- _YOUR INSTRUCTIONS_
Transcribe the data that follows. Match it character for character.

Stored records:
***

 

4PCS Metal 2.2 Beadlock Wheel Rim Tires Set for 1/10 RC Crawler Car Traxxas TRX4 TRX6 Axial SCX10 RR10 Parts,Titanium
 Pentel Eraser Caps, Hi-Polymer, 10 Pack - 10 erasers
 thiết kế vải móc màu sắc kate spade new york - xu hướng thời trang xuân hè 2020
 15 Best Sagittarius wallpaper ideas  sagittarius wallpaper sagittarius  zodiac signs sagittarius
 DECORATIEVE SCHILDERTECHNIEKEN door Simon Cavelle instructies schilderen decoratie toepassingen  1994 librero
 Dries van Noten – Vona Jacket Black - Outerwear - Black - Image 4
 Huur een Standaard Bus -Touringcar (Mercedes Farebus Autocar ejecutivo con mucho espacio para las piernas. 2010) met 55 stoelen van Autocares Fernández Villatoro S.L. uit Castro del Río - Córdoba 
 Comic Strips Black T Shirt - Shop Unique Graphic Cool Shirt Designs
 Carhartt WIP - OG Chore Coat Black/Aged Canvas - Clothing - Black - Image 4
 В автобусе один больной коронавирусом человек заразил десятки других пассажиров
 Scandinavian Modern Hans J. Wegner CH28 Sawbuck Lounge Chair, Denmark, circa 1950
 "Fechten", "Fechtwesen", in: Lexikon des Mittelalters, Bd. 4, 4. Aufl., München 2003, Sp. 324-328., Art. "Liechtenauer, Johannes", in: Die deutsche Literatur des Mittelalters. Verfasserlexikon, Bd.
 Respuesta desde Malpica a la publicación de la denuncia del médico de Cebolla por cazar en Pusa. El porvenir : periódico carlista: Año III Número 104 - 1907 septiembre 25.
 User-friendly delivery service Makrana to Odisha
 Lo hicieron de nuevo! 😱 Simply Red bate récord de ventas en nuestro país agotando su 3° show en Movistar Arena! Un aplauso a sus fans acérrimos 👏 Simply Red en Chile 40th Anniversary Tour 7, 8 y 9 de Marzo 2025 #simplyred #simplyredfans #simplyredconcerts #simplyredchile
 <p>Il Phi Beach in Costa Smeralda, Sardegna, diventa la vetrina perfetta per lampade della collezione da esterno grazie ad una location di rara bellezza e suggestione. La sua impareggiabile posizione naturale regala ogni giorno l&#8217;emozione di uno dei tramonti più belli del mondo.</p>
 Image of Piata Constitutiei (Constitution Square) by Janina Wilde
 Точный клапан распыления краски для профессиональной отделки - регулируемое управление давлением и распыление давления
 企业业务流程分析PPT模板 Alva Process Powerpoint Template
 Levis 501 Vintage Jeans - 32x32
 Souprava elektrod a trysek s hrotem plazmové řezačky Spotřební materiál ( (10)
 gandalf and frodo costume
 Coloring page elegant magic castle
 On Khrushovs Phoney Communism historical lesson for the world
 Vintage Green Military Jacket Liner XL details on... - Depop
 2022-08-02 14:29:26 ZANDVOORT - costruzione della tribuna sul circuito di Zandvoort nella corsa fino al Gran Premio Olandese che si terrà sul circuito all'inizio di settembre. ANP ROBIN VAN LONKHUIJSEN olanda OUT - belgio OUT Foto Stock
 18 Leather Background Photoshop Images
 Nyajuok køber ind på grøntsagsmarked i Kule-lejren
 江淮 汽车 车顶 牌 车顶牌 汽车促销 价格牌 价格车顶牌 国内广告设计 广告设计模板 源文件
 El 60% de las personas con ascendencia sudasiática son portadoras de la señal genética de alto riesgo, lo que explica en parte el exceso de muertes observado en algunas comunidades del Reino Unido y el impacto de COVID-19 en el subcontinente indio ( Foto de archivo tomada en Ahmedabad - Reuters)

***

- _RESPONSE_
4PCS Metal 2.2 Beadlock Wheel Rim Tires Set for 1/10 RC Crawler Car Traxxas TRX4 TRX6 Axial SCX10 RR10 Parts,Titanium
 Pentel Eraser Caps, Hi-Polymer, 10 Pack - 10 erasers
 thiết kế vải móc màu sắc kate spade new york - xu hướng thời trang xuân hè 2020
 15 Best Sagittarius wallpaper ideas  sagittarius wallpaper sagittarius  zodiac signs sagittarius
 DECORATIEVE SCHILDERTECHNIEKEN door Simon Cavelle instructies schilderen decoratie toepassingen  1994 librero
 Dries van Noten – Vona Jacket Black - Outerwear - Black - Image 4
 Huur een Standaard Bus -Touringcar (Mercedes Farebus Autocar ejecutivo con mucho espacio para las piernas. 2010) met 55 stoelen van Autocares Fernández Villatoro S.L. uit Castro del Río - Córdoba 
 Comic Strips Black T Shirt - Shop Unique Graphic Cool Shirt Designs
 Carhartt WIP - OG Chore Coat Black/Aged Canvas - Clothing - Black - Image 4
 В автобусе один больной коронавирусом человек заразил десятки других пассажиров
 Scandinavian Modern Hans J. Wegner CH28 Sawbuck Lounge Chair, Denmark, circa 1950
 "Fechten", "Fechtwesen", in: Lexikon des Mittelalters, Bd. 4, 4. Aufl., München 2003, Sp. 324-328., Art. "Liechtenauer, Johannes", in: Die deutsche Literatur des Mittelalters. Verfasserlexikon, Bd.
 Respuesta desde Malpica a la publicación de la denuncia del médico de Cebolla por cazar en Pusa. El porvenir : periódico carlista: Año III Número 104 - 1907 septiembre 25.
 User-friendly delivery service Makrana to Odisha
 Lo hicieron de nuevo! 😱 Simply Red bate récord de ventas en nuestro país agotando su 3° show en Movistar Arena! Un aplauso a sus fans acérrimos 👏 Simply Red en Chile 40th Anniversary Tour 7, 8 y 9 de Marzo 2025 #simplyred #simplyredfans #simplyredconcerts #simplyredchile
 <p>Il Phi Beach in Costa Smeralda, Sardegna, diventa la vetrina perfetta per lampade della collezione da esterno grazie ad una location di rara bellezza e suggestione. La sua impareggiabile posizione naturale regala ogni giorno l&#8217;emozione di uno dei tramonti più belli del mondo.</p>
 Image of Piata Constitutiei (Constitution Square) by Janina Wilde
 Точный клапан распыления краски для профессиональной отделки - регулируемое управление давлением и распыление давления
 企业业务流程分析PPT模板 Alva Process Powerpoint Template
 Levis 501 Vintage Jeans - 32x32
 Souprava elektrod a trysek s hrotem plazmové řezačky Spotřební materiál ( (10)
 gandalf and frodo costume
 Coloring page elegant magic castle
 On Khrushovs Phoney Communism historical lesson for the world
 Vintage Green Military Jacket Liner XL details on... - Depop
 2022-08-02 14:29:26 ZANDVOORT - costruzione della tribuna sul circuito di Zandvoort nella corsa fino al Gran Premio Olandese che si terrà sul circuito all'inizio di settembre. ANP ROBIN VAN LONKHUIJSEN olanda OUT - belgio OUT Foto Stock
 18 Leather Background Photoshop Images
 Nyajuok køber ind på grøntsagsmarked i Kule-lejren
 江淮 汽车 车顶 牌 车顶牌 汽车促销 价格牌 价格车顶牌 国内广告设计 广告设计模板 源文件
 El 60% de las personas con ascendencia sudasiática son portadoras de la señal genética de alto riesgo, lo que explica en parte el exceso de muertes observado en algunas comunidades del Reino Unido y el impacto de COVID-19 en el subcontinente indio ( Foto de archivo tomada en Ahmedabad - Reuters)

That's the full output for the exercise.